Dylan's song "High Water (For Charley Patton)" comes from his 2001 album "Love and Theft." It's a pastiche of old blues song lines (dust my broom, Bertha Mason, the cuckoo is a pretty bird and so on), and named for a song by the late blues master Patton. It's a strong, compelling song, full of the dark foreboding of storm clouds and rising flood waters. It also contains one hell of a banjo part. Like many of Dylan's more recent song, each verse feels self contained.

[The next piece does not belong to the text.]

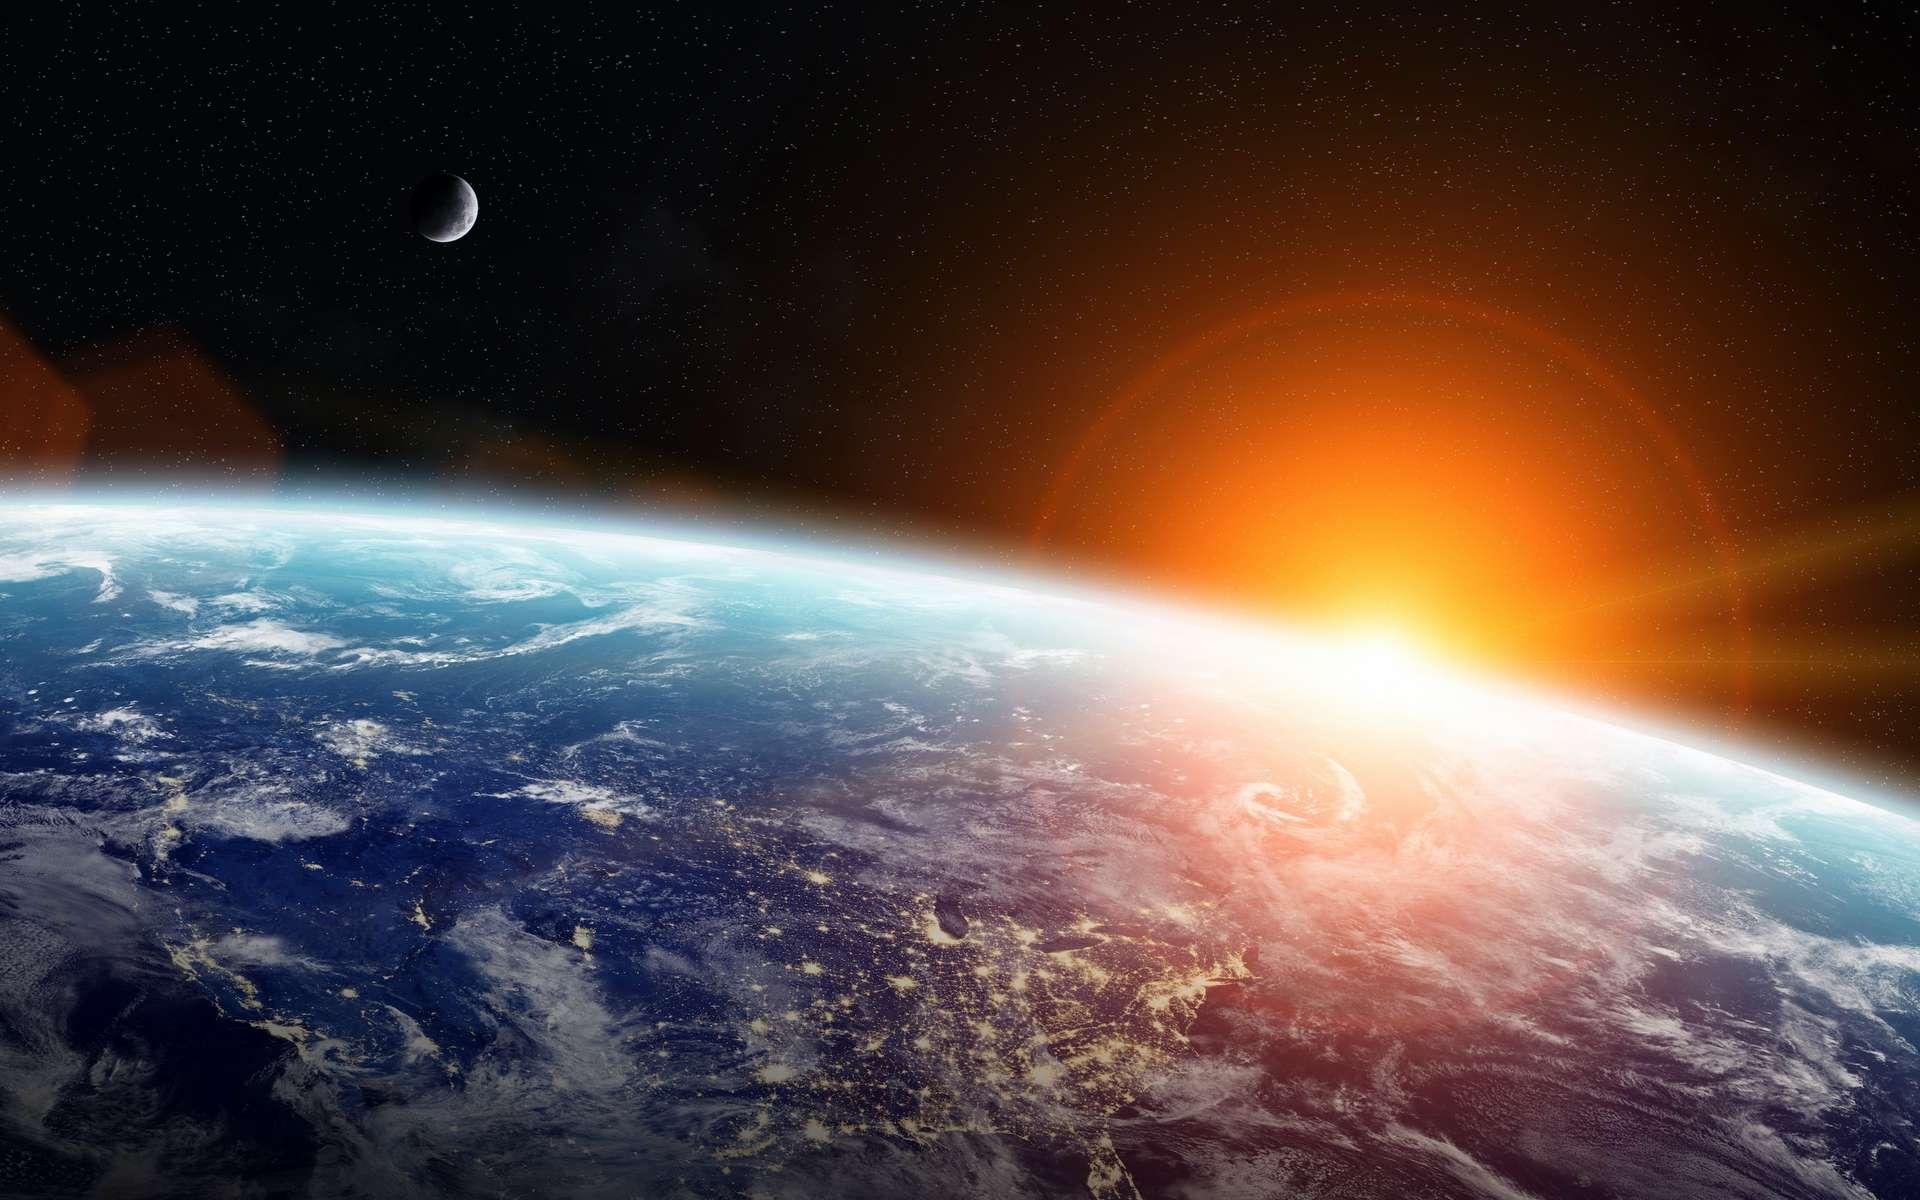 La Terre ne s'est pas réchauffée aussi vite depuis des dizaines de millions d'années. En cause : les activités humaines ! © sdecoret, Adobe Stock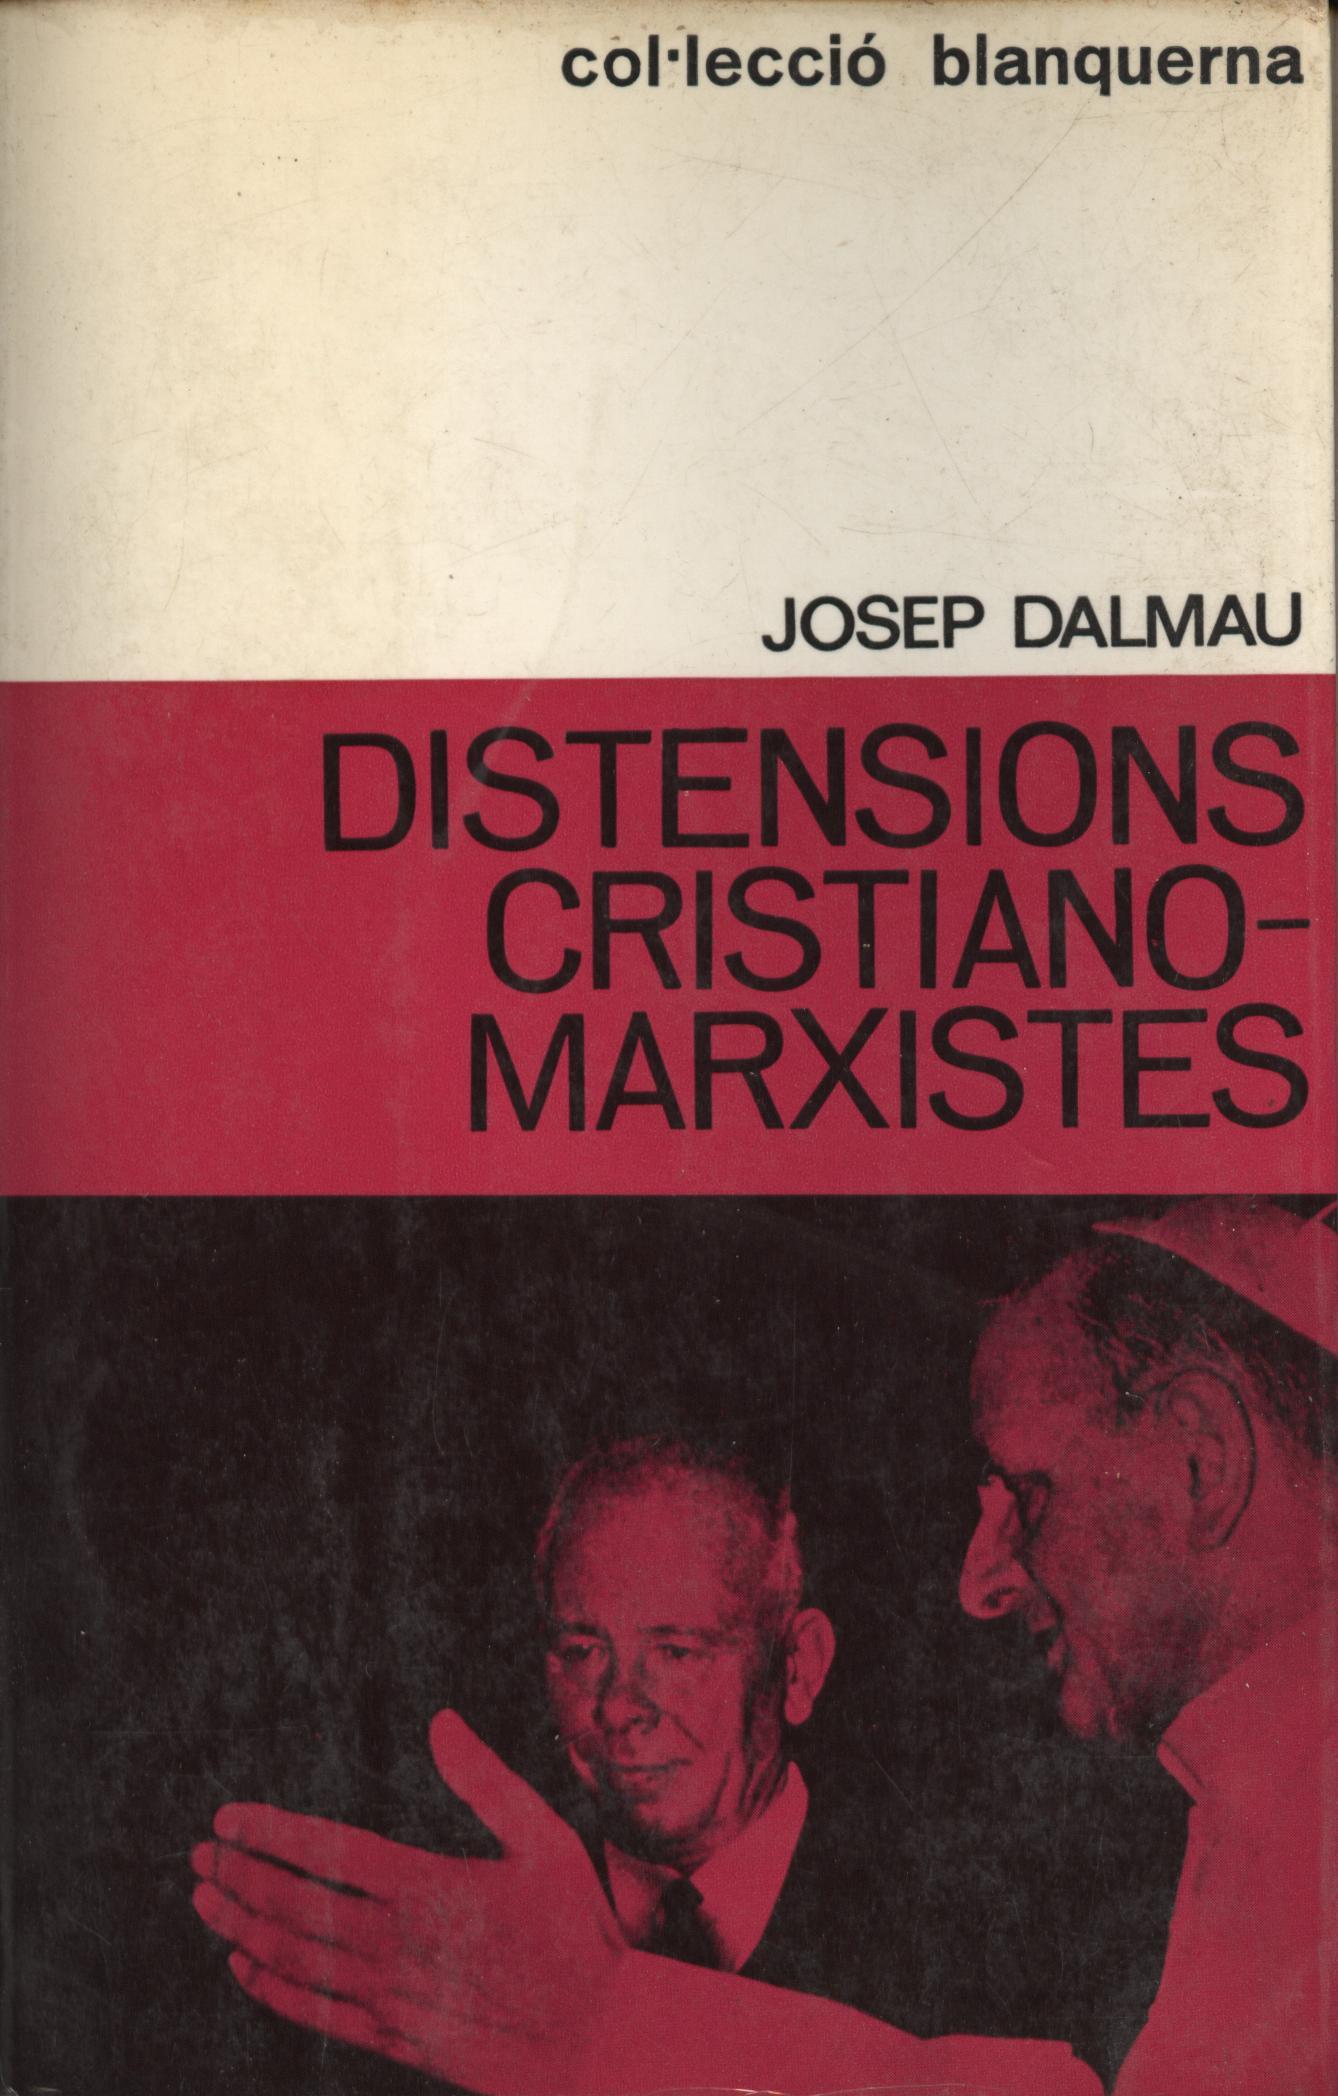 Distencions cristiano-marxistes - Josep Dalmau en bratac.cat

How the high water is making things (note that each line is sung before the words "High water everywhere"):
- Nothing standing there
- It's tough out there
- Things are breakin' up out there
- It's rough out there
- It's bad out there

What's happening:
- Gold and silver being stolen
- Big Joe Turner made it to Kansas City. He's thinking dark thoughts on the corner of 12th and Vine. High water.
- Shacks are falling
- People leaving
- Possessions lost
- Bertha Mason says: "You're dancin' with whom they tell you to or you don't dance at all."
- Coffins dropping in the street
- Water in Vicksburg
- The judge is looking for Charles Darwin trapped out on Highway 5.
- The cuckoo is a pretty bird, as we know from the old folk song.
- Fat Nancy isn't feeding Bob like he asked.
- Bob's thinking about dusting his broom in the morning, like Robert Johnson said.
- Thunder over Clarksdale, Mississippi. 
- Bob can't be happy if you're not happy.

There's one break in the doomy spell:

"I got a cravin’ love for blazing speed
Got a hopped-up Mustang Ford
Jump into the wagon, love, throw your panties on the board
I can write you poems, make a strong man lose his mind
I’m no pig without a wig
I hope you treat me kind."

At least someone's having fun down in the flood.